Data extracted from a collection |

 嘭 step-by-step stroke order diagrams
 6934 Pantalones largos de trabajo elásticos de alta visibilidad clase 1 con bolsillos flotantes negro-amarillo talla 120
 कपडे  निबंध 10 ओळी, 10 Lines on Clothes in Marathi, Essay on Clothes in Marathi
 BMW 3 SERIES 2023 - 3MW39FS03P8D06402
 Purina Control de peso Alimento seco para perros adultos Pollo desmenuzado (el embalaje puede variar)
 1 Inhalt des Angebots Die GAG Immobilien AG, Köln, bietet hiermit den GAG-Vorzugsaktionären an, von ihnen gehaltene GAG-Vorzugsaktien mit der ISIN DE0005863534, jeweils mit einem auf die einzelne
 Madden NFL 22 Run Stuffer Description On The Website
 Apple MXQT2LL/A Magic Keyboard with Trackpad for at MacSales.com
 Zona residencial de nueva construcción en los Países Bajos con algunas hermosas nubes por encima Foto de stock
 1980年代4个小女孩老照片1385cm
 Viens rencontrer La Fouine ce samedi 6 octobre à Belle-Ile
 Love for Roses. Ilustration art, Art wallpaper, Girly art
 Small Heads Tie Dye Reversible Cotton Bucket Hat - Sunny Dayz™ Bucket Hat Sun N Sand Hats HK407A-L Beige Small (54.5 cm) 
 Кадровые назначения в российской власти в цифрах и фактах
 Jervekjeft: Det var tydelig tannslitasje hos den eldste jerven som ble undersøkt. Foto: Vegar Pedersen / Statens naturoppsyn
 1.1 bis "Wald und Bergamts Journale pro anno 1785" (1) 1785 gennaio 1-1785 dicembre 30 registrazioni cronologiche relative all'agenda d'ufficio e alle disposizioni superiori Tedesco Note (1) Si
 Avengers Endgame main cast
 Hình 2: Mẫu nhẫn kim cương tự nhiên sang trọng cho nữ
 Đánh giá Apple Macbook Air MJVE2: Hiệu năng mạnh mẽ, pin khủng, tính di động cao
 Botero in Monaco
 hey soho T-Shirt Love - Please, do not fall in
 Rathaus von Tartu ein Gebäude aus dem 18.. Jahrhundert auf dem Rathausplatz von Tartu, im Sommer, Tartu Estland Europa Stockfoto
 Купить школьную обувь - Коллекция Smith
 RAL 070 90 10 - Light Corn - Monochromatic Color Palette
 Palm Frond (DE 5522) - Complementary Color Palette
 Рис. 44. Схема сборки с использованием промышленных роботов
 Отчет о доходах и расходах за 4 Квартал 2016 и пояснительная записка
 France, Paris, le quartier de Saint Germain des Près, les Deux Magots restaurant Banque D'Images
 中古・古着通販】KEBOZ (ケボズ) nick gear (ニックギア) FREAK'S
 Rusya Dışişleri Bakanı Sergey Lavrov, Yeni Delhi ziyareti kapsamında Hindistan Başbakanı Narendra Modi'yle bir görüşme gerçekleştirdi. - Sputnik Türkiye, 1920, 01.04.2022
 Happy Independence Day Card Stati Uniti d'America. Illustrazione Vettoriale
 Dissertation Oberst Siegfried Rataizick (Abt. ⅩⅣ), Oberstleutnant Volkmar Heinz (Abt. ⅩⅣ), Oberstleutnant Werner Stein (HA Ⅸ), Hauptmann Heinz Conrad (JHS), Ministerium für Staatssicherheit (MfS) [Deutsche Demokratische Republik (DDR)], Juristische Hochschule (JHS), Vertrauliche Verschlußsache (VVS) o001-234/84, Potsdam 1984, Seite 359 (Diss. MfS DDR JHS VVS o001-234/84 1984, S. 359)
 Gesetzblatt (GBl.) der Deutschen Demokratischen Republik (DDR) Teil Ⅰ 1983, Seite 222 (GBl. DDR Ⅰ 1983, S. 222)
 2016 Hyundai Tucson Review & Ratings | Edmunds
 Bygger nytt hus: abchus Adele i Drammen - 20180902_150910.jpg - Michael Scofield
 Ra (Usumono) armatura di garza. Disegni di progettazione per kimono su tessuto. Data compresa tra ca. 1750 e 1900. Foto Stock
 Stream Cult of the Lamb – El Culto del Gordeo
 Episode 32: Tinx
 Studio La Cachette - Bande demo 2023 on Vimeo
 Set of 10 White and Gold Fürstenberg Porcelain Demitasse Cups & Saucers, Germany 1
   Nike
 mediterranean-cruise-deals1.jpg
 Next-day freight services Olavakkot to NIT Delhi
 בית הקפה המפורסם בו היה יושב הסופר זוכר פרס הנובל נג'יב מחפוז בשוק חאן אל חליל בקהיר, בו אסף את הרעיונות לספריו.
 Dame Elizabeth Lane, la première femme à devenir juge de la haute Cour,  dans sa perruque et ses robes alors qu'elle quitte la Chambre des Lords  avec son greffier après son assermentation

ACTIVITY | Would you repeat each of the lines above exactly?

EXPECTED ANSWER |
 嘭 step-by-step stroke order diagrams
 6934 Pantalones largos de trabajo elásticos de alta visibilidad clase 1 con bolsillos flotantes negro-amarillo talla 120
 कपडे  निबंध 10 ओळी, 10 Lines on Clothes in Marathi, Essay on Clothes in Marathi
 BMW 3 SERIES 2023 - 3MW39FS03P8D06402
 Purina Control de peso Alimento seco para perros adultos Pollo desmenuzado (el embalaje puede variar)
 1 Inhalt des Angebots Die GAG Immobilien AG, Köln, bietet hiermit den GAG-Vorzugsaktionären an, von ihnen gehaltene GAG-Vorzugsaktien mit der ISIN DE0005863534, jeweils mit einem auf die einzelne
 Madden NFL 22 Run Stuffer Description On The Website
 Apple MXQT2LL/A Magic Keyboard with Trackpad for at MacSales.com
 Zona residencial de nueva construcción en los Países Bajos con algunas hermosas nubes por encima Foto de stock
 1980年代4个小女孩老照片1385cm
 Viens rencontrer La Fouine ce samedi 6 octobre à Belle-Ile
 Love for Roses. Ilustration art, Art wallpaper, Girly art
 Small Heads Tie Dye Reversible Cotton Bucket Hat - Sunny Dayz™ Bucket Hat Sun N Sand Hats HK407A-L Beige Small (54.5 cm) 
 Кадровые назначения в российской власти в цифрах и фактах
 Jervekjeft: Det var tydelig tannslitasje hos den eldste jerven som ble undersøkt. Foto: Vegar Pedersen / Statens naturoppsyn
 1.1 bis "Wald und Bergamts Journale pro anno 1785" (1) 1785 gennaio 1-1785 dicembre 30 registrazioni cronologiche relative all'agenda d'ufficio e alle disposizioni superiori Tedesco Note (1) Si
 Avengers Endgame main cast
 Hình 2: Mẫu nhẫn kim cương tự nhiên sang trọng cho nữ
 Đánh giá Apple Macbook Air MJVE2: Hiệu năng mạnh mẽ, pin khủng, tính di động cao
 Botero in Monaco
 hey soho T-Shirt Love - Please, do not fall in
 Rathaus von Tartu ein Gebäude aus dem 18.. Jahrhundert auf dem Rathausplatz von Tartu, im Sommer, Tartu Estland Europa Stockfoto
 Купить школьную обувь - Коллекция Smith
 RAL 070 90 10 - Light Corn - Monochromatic Color Palette
 Palm Frond (DE 5522) - Complementary Color Palette
 Рис. 44. Схема сборки с использованием промышленных роботов
 Отчет о доходах и расходах за 4 Квартал 2016 и пояснительная записка
 France, Paris, le quartier de Saint Germain des Près, les Deux Magots restaurant Banque D'Images
 中古・古着通販】KEBOZ (ケボズ) nick gear (ニックギア) FREAK'S
 Rusya Dışişleri Bakanı Sergey Lavrov, Yeni Delhi ziyareti kapsamında Hindistan Başbakanı Narendra Modi'yle bir görüşme gerçekleştirdi. - Sputnik Türkiye, 1920, 01.04.2022
 Happy Independence Day Card Stati Uniti d'America. Illustrazione Vettoriale
 Dissertation Oberst Siegfried Rataizick (Abt. ⅩⅣ), Oberstleutnant Volkmar Heinz (Abt. ⅩⅣ), Oberstleutnant Werner Stein (HA Ⅸ), Hauptmann Heinz Conrad (JHS), Ministerium für Staatssicherheit (MfS) [Deutsche Demokratische Republik (DDR)], Juristische Hochschule (JHS), Vertrauliche Verschlußsache (VVS) o001-234/84, Potsdam 1984, Seite 359 (Diss. MfS DDR JHS VVS o001-234/84 1984, S. 359)
 Gesetzblatt (GBl.) der Deutschen Demokratischen Republik (DDR) Teil Ⅰ 1983, Seite 222 (GBl. DDR Ⅰ 1983, S. 222)
 2016 Hyundai Tucson Review & Ratings | Edmunds
 Bygger nytt hus: abchus Adele i Drammen - 20180902_150910.jpg - Michael Scofield
 Ra (Usumono) armatura di garza. Disegni di progettazione per kimono su tessuto. Data compresa tra ca. 1750 e 1900. Foto Stock
 Stream Cult of the Lamb – El Culto del Gordeo
 Episode 32: Tinx
 Studio La Cachette - Bande demo 2023 on Vimeo
 Set of 10 White and Gold Fürstenberg Porcelain Demitasse Cups & Saucers, Germany 1
   Nike
 mediterranean-cruise-deals1.jpg
 Next-day freight services Olavakkot to NIT Delhi
 בית הקפה המפורסם בו היה יושב הסופר זוכר פרס הנובל נג'יב מחפוז בשוק חאן אל חליל בקהיר, בו אסף את הרעיונות לספריו.
 Dame Elizabeth Lane, la première femme à devenir juge de la haute Cour,  dans sa perruque et ses robes alors qu'elle quitte la Chambre des Lords  avec son greffier après son assermentation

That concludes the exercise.